What is being asked:
Everything in the listing must be repeated exactly, apart from the images.

Data shown:
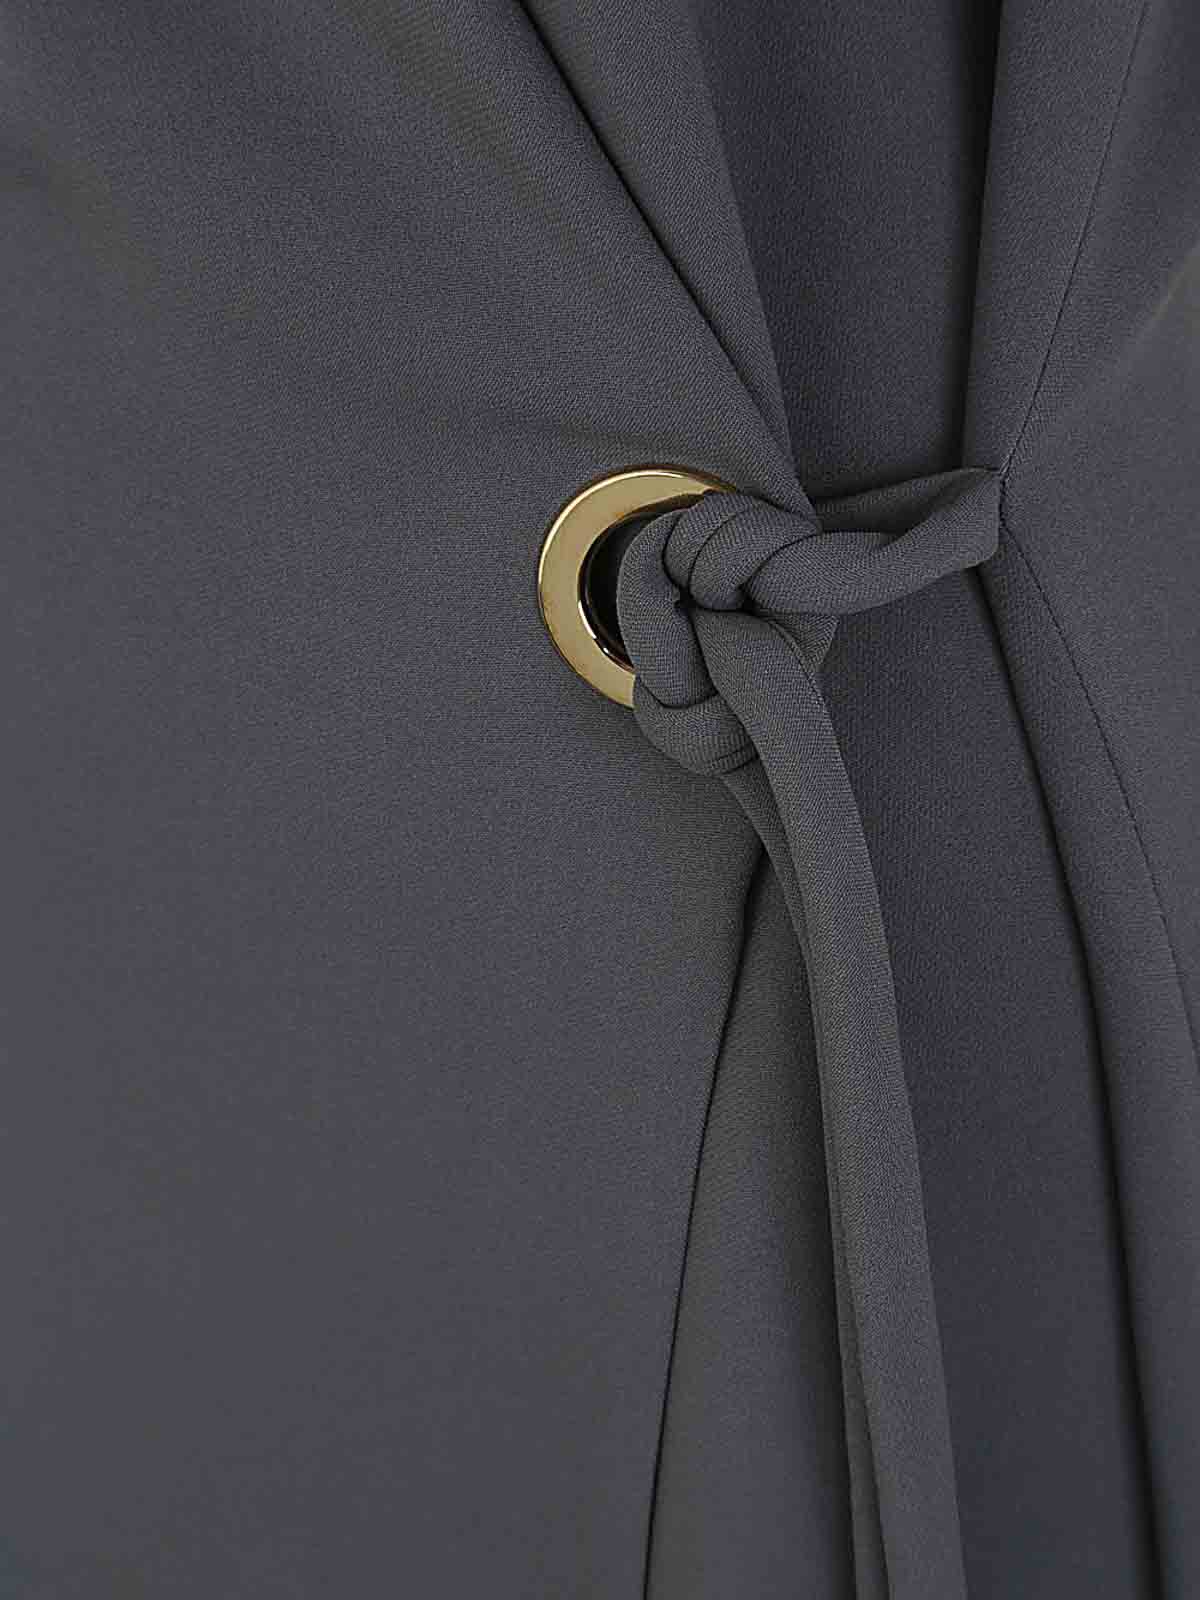 Shop Giorgio Armani Sleeveless Long Dress In Grey
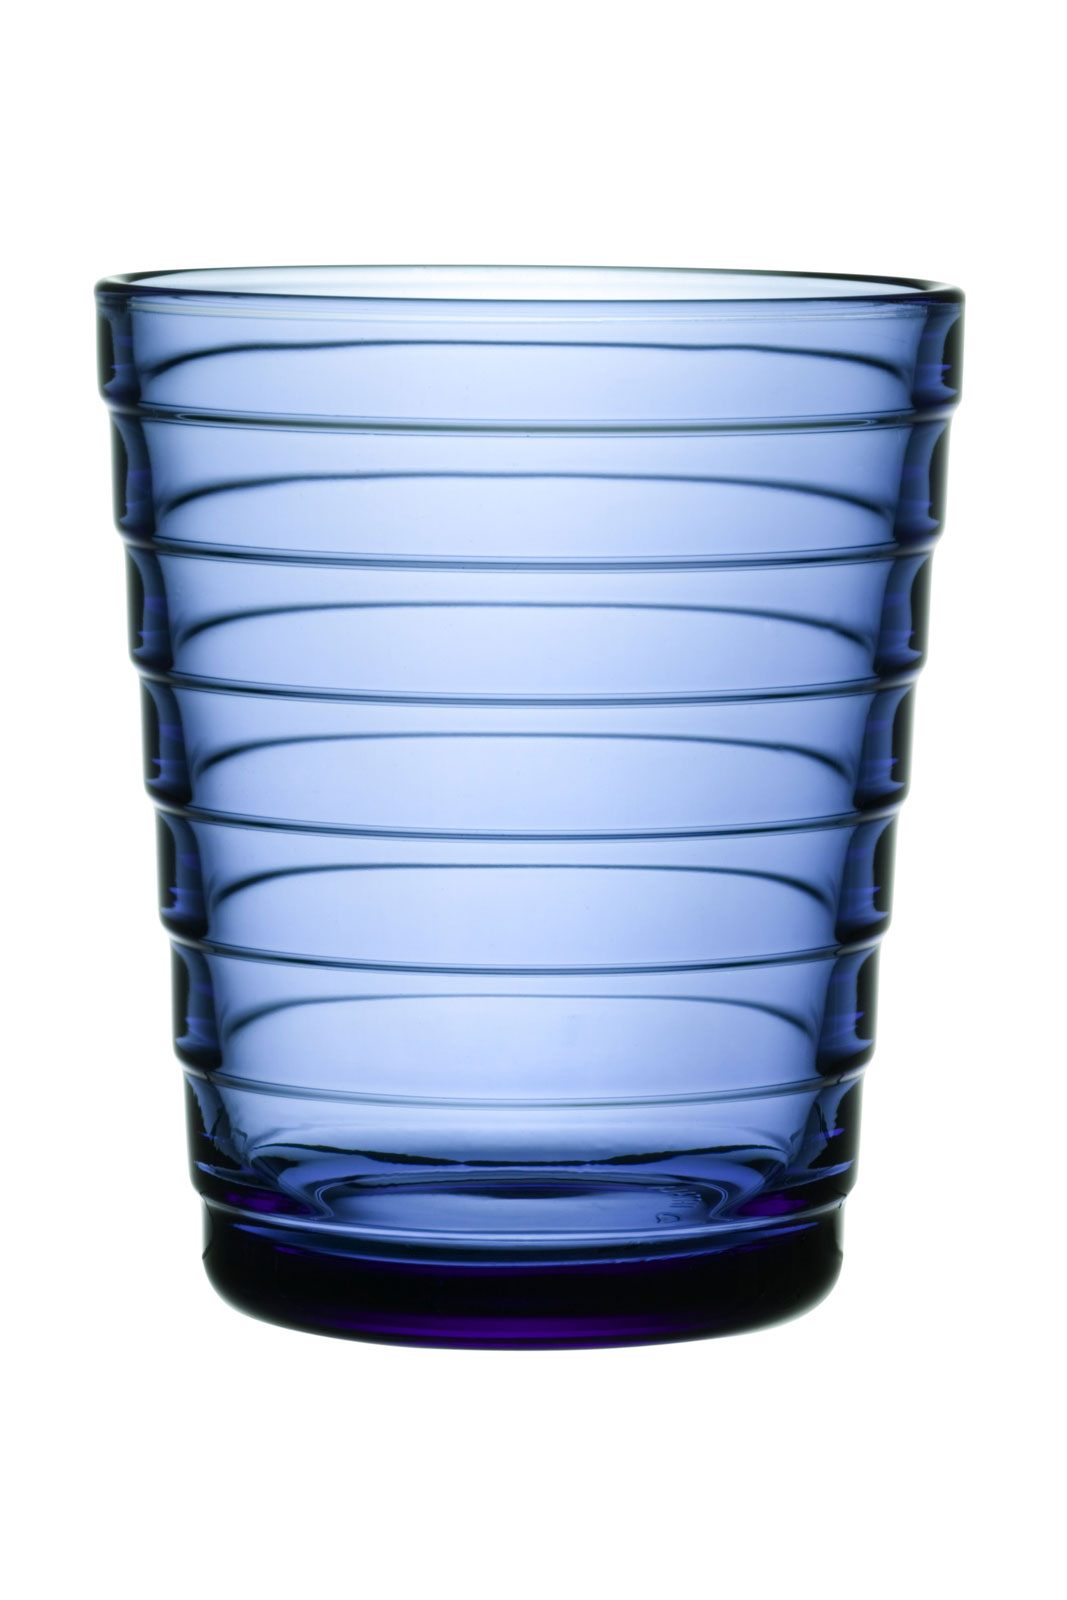 iittala Aino Aalto Glas 0,22ltr. ultramarine blue
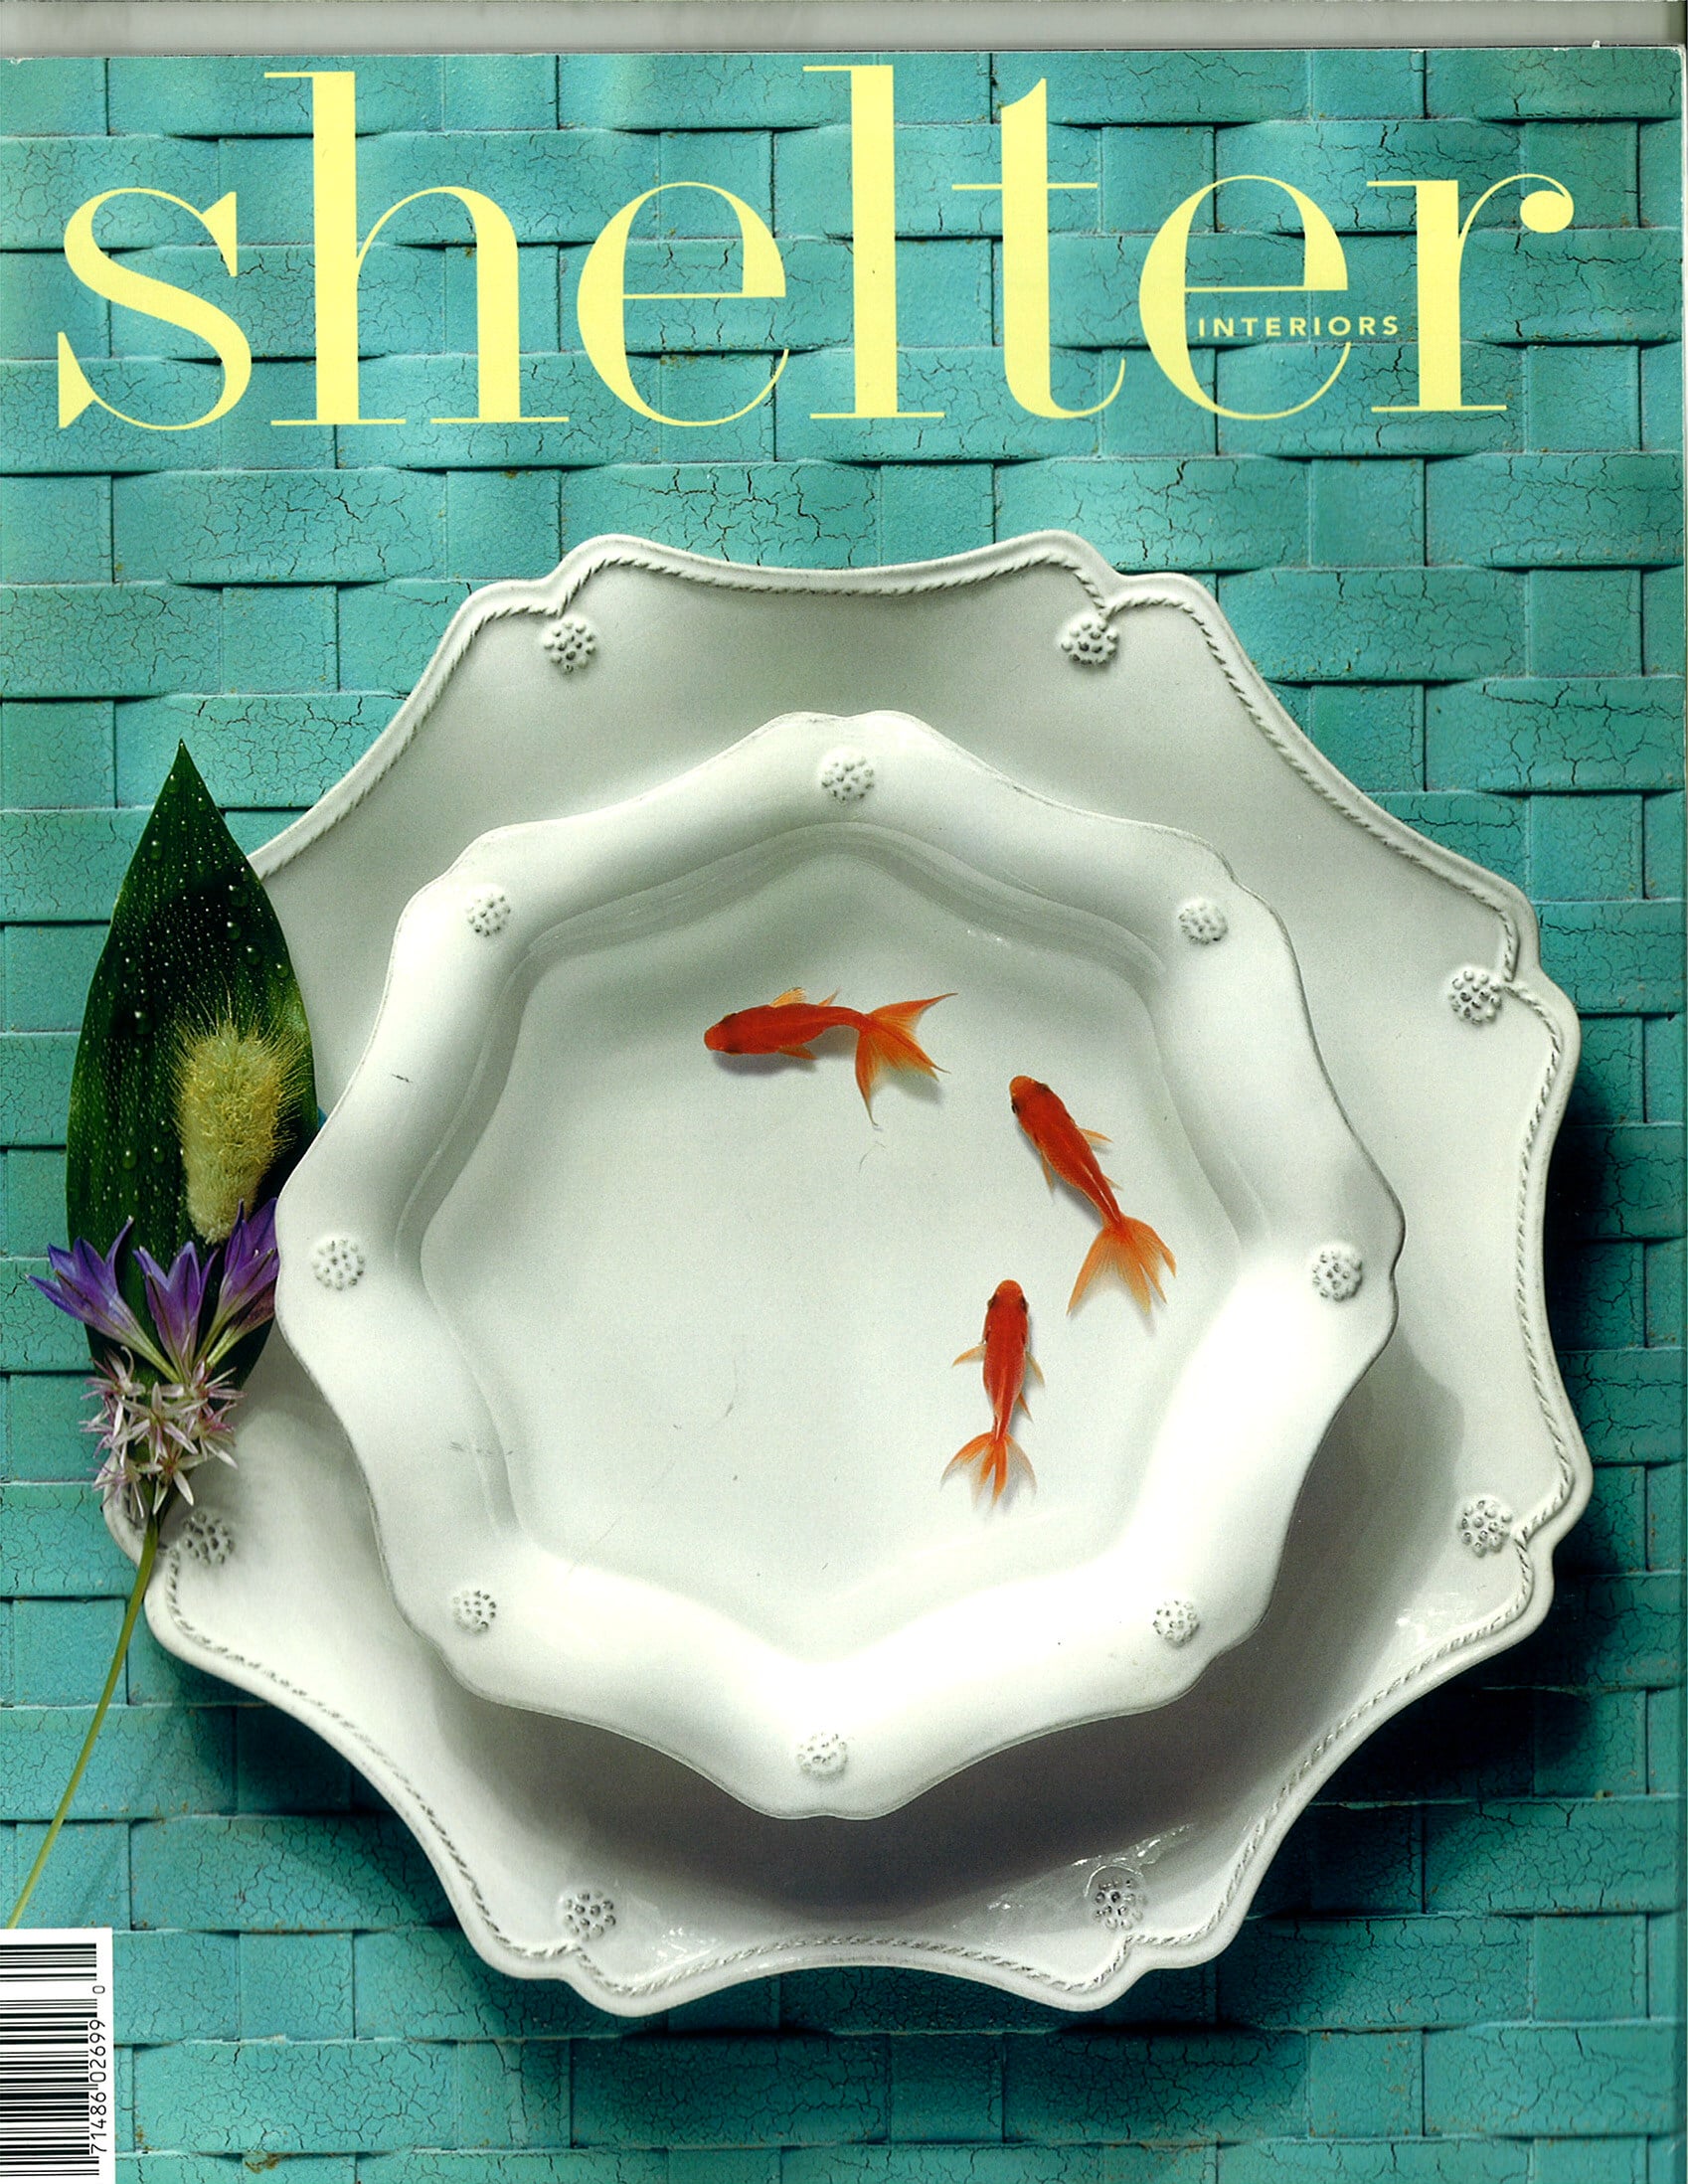 Shelter Interiors magazine

Task response:
 Shop Giorgio Armani Sleeveless Long Dress In Grey
 iittala Aino Aalto Glas 0,22ltr. ultramarine blue
 Shelter Interiors magazine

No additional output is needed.